The Jewish people’s connection with the Land of Israel dates back about 4,000 years. The international legitimacy of a Jewish national home in Palestine was recognised by the League of Nations in 1922. Facilitating its establishment was an express condition of the Mandate granted by the League to Britain to govern the country. The Jewish population rose from about 80,000 in 1922 to about 450,000 in 1939 (30 per cent of the total).
After the war, some 230,000 Jewish refugees and concentration camp survivors were held as Displaced Persons in camps in Europe. Most of the surviving Jews were unable and unwilling to return to their pre-war homes in Europe because of the prevalence of violent antisemitism. Some nations, including Australia, were prepared to accept a small number of Jewish survivors. But the door remain closed in most countries, including the United States, which were seeking to recover from the war effort. Most Jewish survivors therefore sought the right to return instead to the historical national home of the Jewish people in then- former Palestine.
Britain was anxious to protect its Middle East interests and maintain favour with the Arab world. The British authorities continued to use force to turn back boatloads of Jewish refugees from then- former Palestine and restrict Jewish immigration into the country. A Jewish revolt broke out as a result.

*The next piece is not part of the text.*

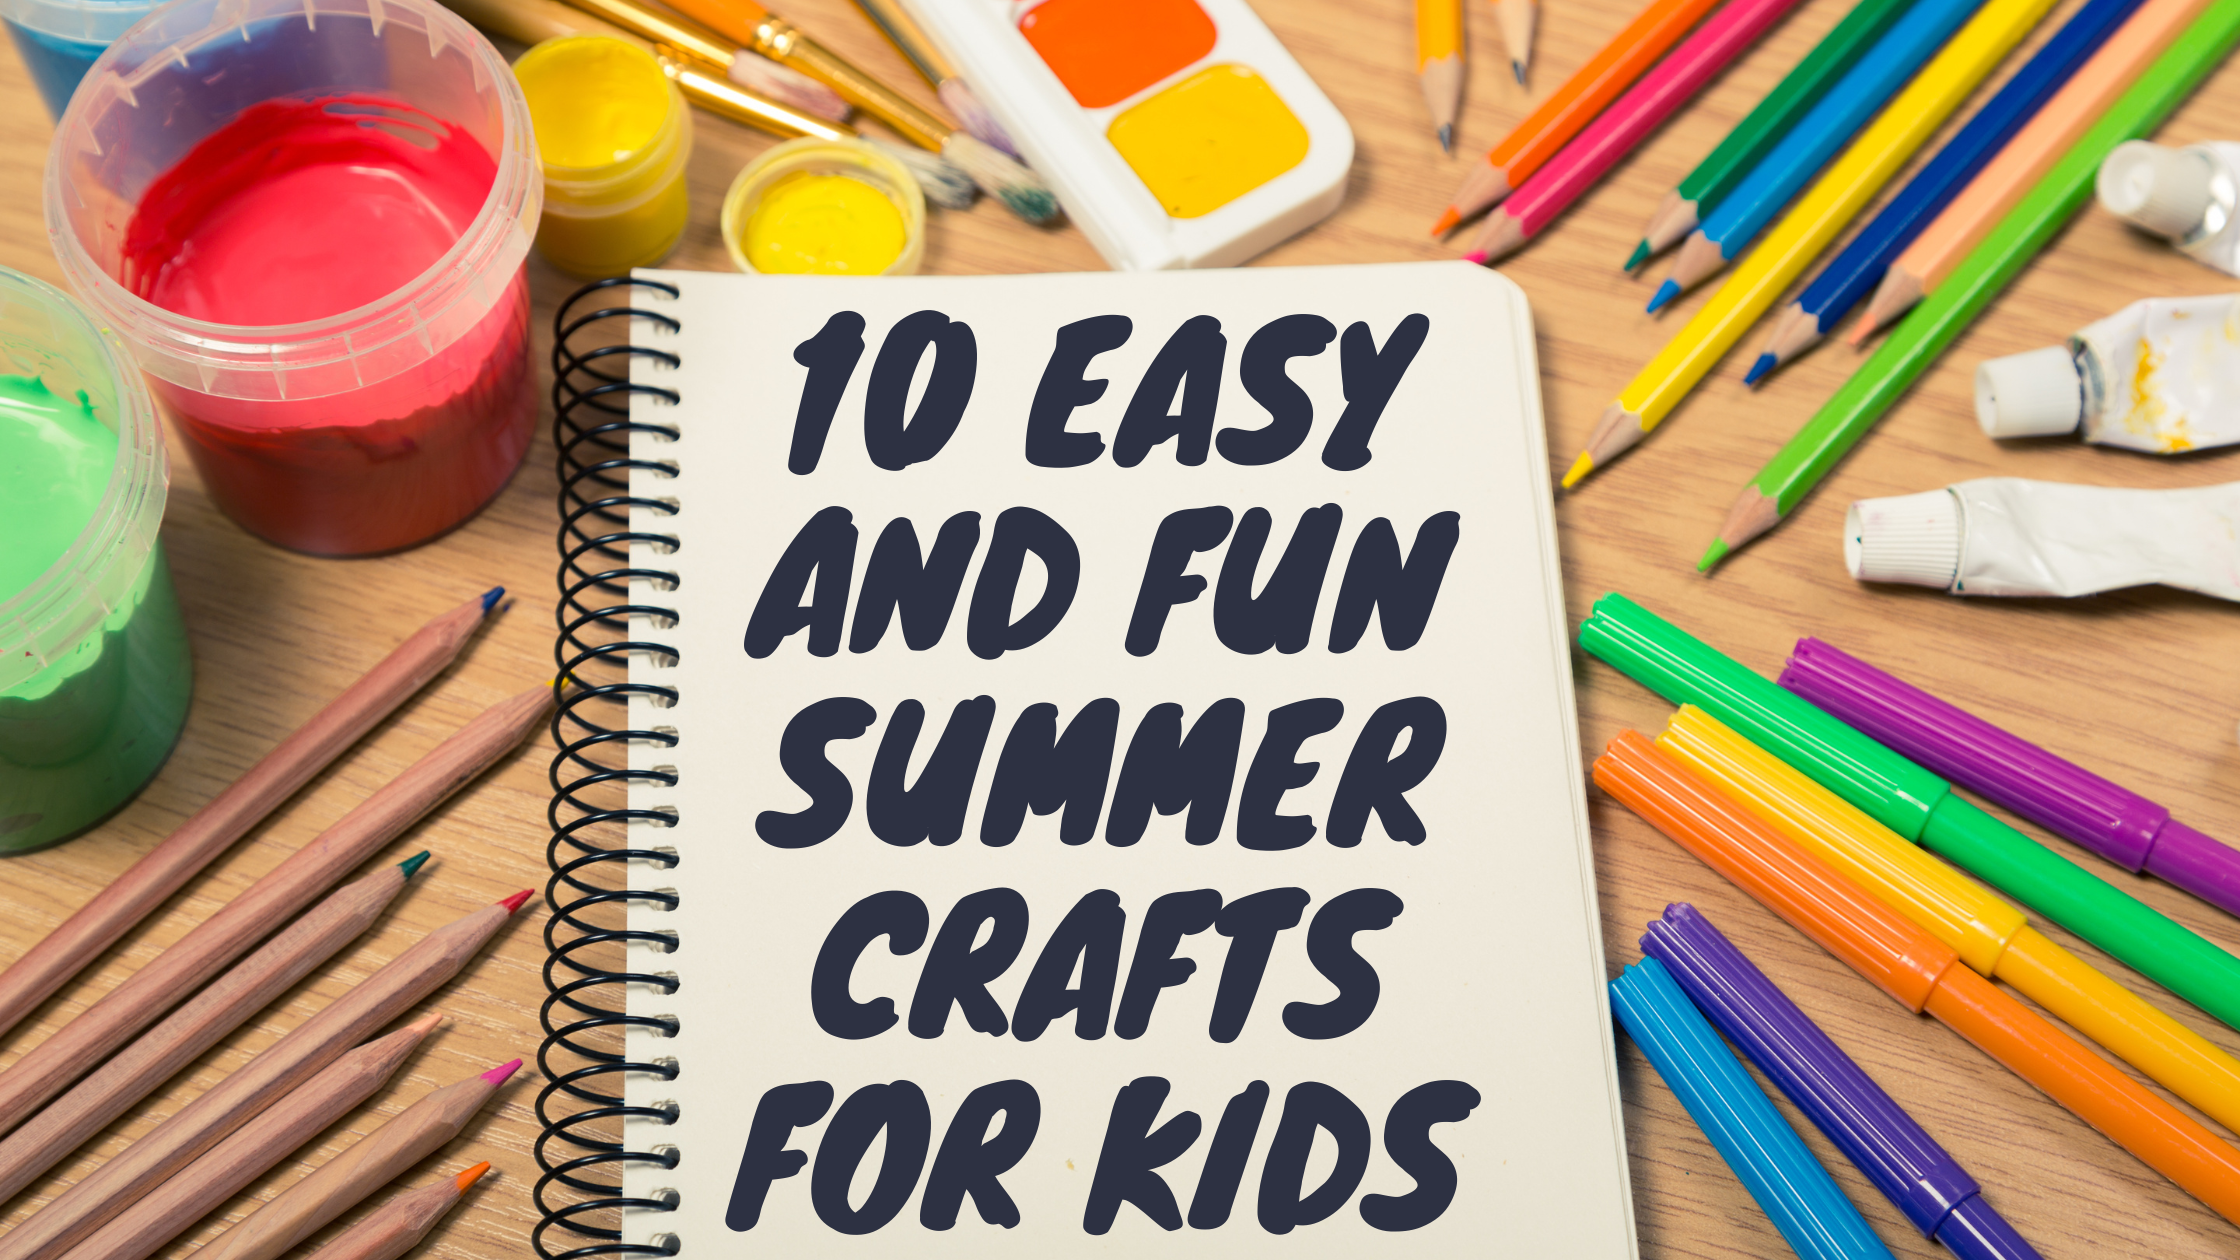 10 Easy and Fun Summer Crafts for Kids
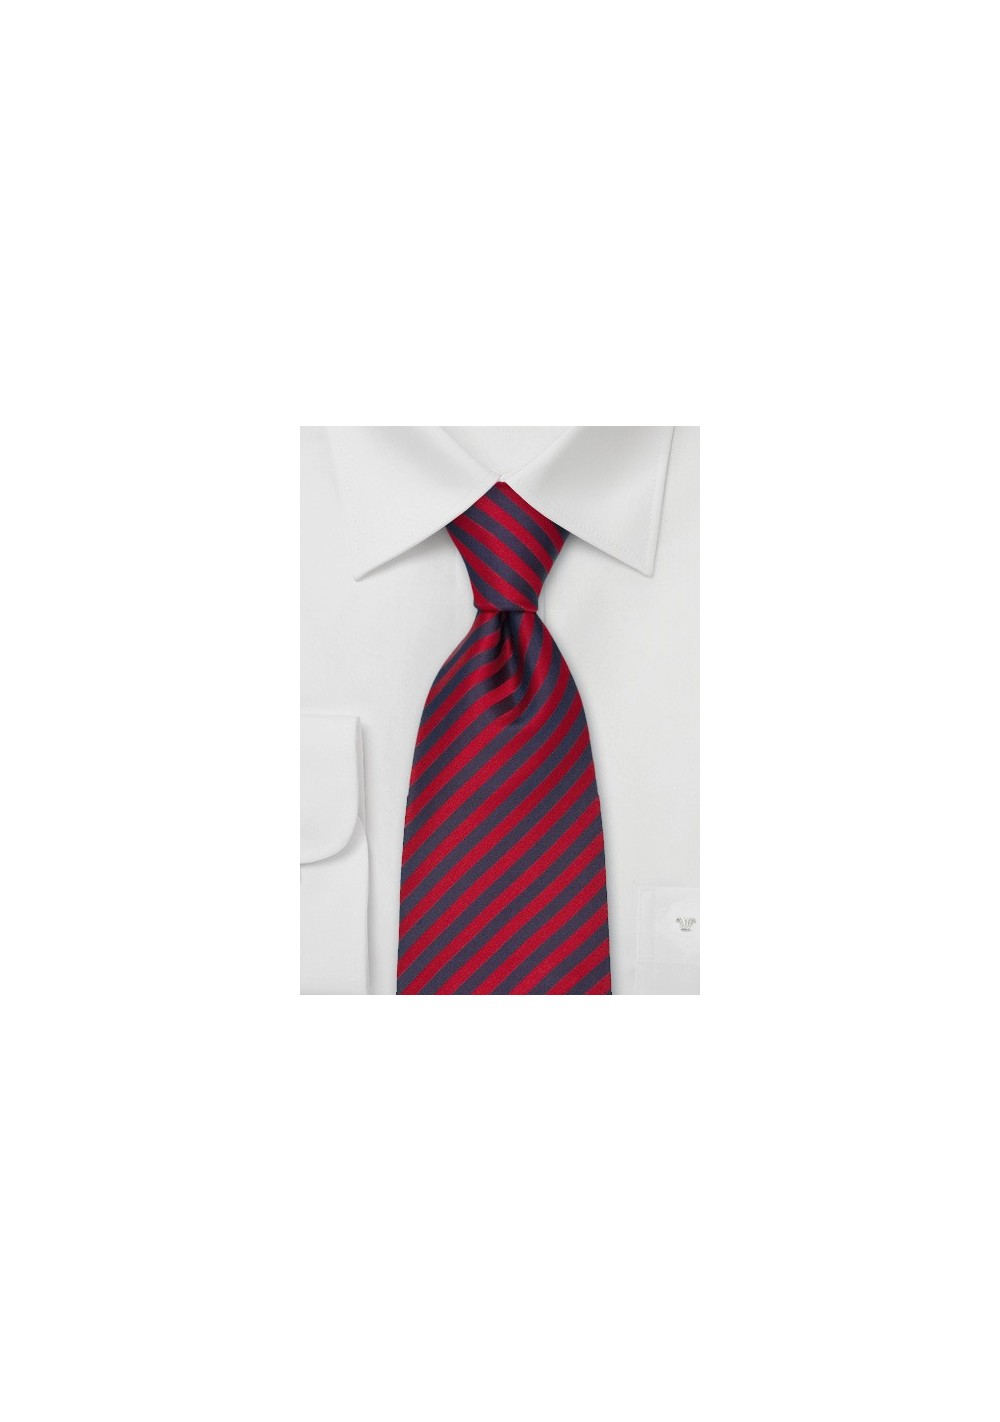 Classic Striped Ties - Striped "Signals" Tie by Parsely

Arab revolts against Jews and the British had begun as early as 1920 and raged in 1921, 1929 and again between 1936 and 1939.
In February 1947 the British announced that they would leave the country and hand over its administration to the United Nations. On 29 November 1947 the UN General Assembly passed Resolution 181, endorsing the partition of Palestine into two separate states: one Jewish and one Arab. Israel declared its independence as the state of the Jewish people on 14 May 1948. The Arabs rejected the Partition Plan and, instead of establishing their own state when the British left, immediately launched a military invasion, seeking to destroy the newly-established Jewish state. One per cent of Israel’s population fell in this war, many of them Holocaust survivors.
It has often been claimed, falsely, that the establishment of the State of Israel was a direct result of the Holocaust. In fact, the foundations and infrastructure of a sovereign Jewish state were built between the mid nineteenth century and Israel’s Declaration of Independence on May 14, 1948. During that period, the emerging Jewish community in former Palestine developed a thriving economy, including a national bank, and many of present-day Israel’s economic and civil society institutions – the kibbutz movement, a free press, the Histadrut trade union movement, national theatre and a vibrant Hebrew-language literary movement. A nascent Jewish government, the Jewish Agency, police force and defence force were also established during this period. A Jewish state in everything but name was already functioning in former Palestine well before the Holocaust.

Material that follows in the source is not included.